Ein paar Kommentare zu “Schicksal, Berufung, Vision und Mut

  1. dornpunzel

    ”s is alles gut für Ebbes’, hat meine Oma immer gesagt. Genau so sehe ich das auch und bin damit völlig bei dir, Martin.

    Ich weiß nicht, ob es Schicksal, Vorhersehung, irgendein höheres Wesen ist, keine Ahnung, aber ich bin überzeugt, dass es etwas gibt, das uns leitet. Was nicht heißt, dass unser Leben vorgegeben ist und in unabänderlichen Bahnen verläuft. Wir Menschen haben immer die Möglichkeit unsere eigenen Entscheidungen zu treffen und das müssen wir auch tun. Nur sollten wir vielleicht öfter auf unser Gefühl hören, denn logische Gründe waren es sicher nicht, die Martha Becket dazu gebracht haben, ihr Theater im Niemansland zu eröffnen. Sie hätte auch wieder gehen und ihrem Traum den Rücken kehren können. Wir bekommen Chancen, Möglichkeiten, müssen aber selbst den Mut aufbringen, sie zu ergreifen.
    Im Grunde tun wir das doch auch alle, oder habe ich was verpasst und bin die Einzige hier, die noch keinen Bestseller geschrieben hat? Wir bringen doch den Mut auf, gegen alle (wirtschaftliche) Logik die Geschichten zu schreiben, die durch unseren Kopf schwirren und zumindest ich mache das in dem festen Glauben, dass daraus etwas Gutes entsteht. In welcher Form auch immer, wann auch immer.

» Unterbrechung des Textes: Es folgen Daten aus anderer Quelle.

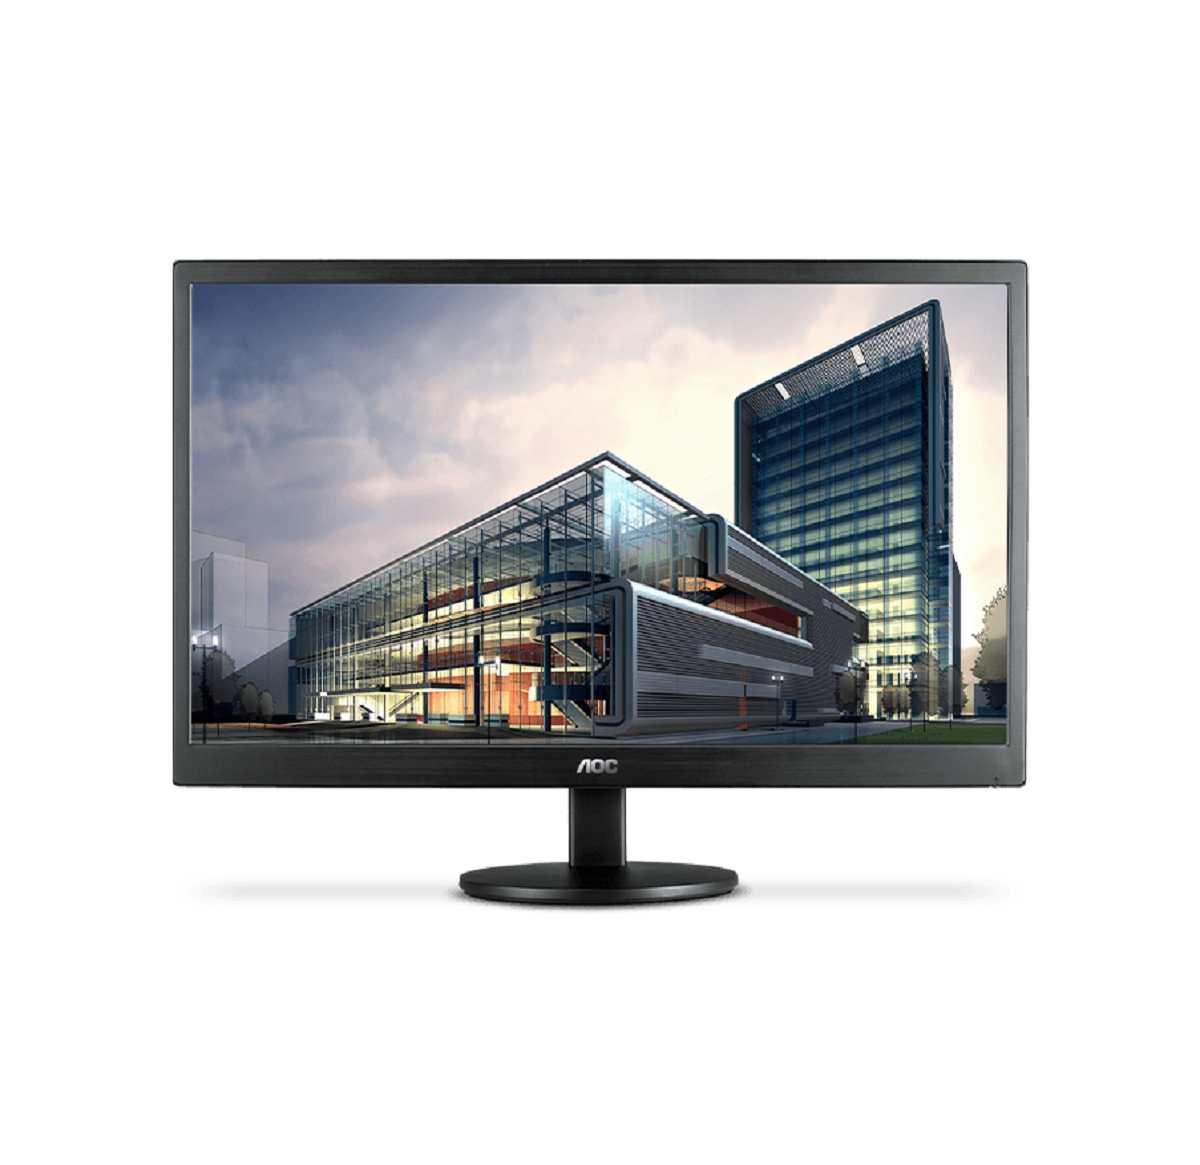 Monitor AOC 21,5 LED Full HD E2270swhen / Hdmi / Vesa

    1. martinmartin Autor des Beitrags

      Für mich ist das Leben so eine Art Adventure-Spiel. Den groben Verlauf bekommen wir vor den Latz geknallt, das beginnt schon bei der Geburt mit Ort, Milieu, Möglichkeiten, Begabungen. Die Prägungen am Anfang setzen einen relativ engen Kanal, in dem wir uns fortan bewegen. Was uns begegnet, können wir nicht ändern, aber den Umgang damit und damit wiederum unseren zukünftigen Kanal.
      Für mich ist Martas Reifenpanne eine der Stellen in einem Adventure, bei denen es darauf ankommt, mit Aufmerksamkeit und Offenheit Überraschendem und Unbekanntem zu begegnen, zu spüren, worum es geht und für einen selbst passende Entscheidungen zu treffen.
      Ich hoffe, dass diese Geschichte auch für viele andere zu einer werden kann, die sie in ihrem Sosein bestärkt und ihnen den Mut gibt, zu sich zu stehen.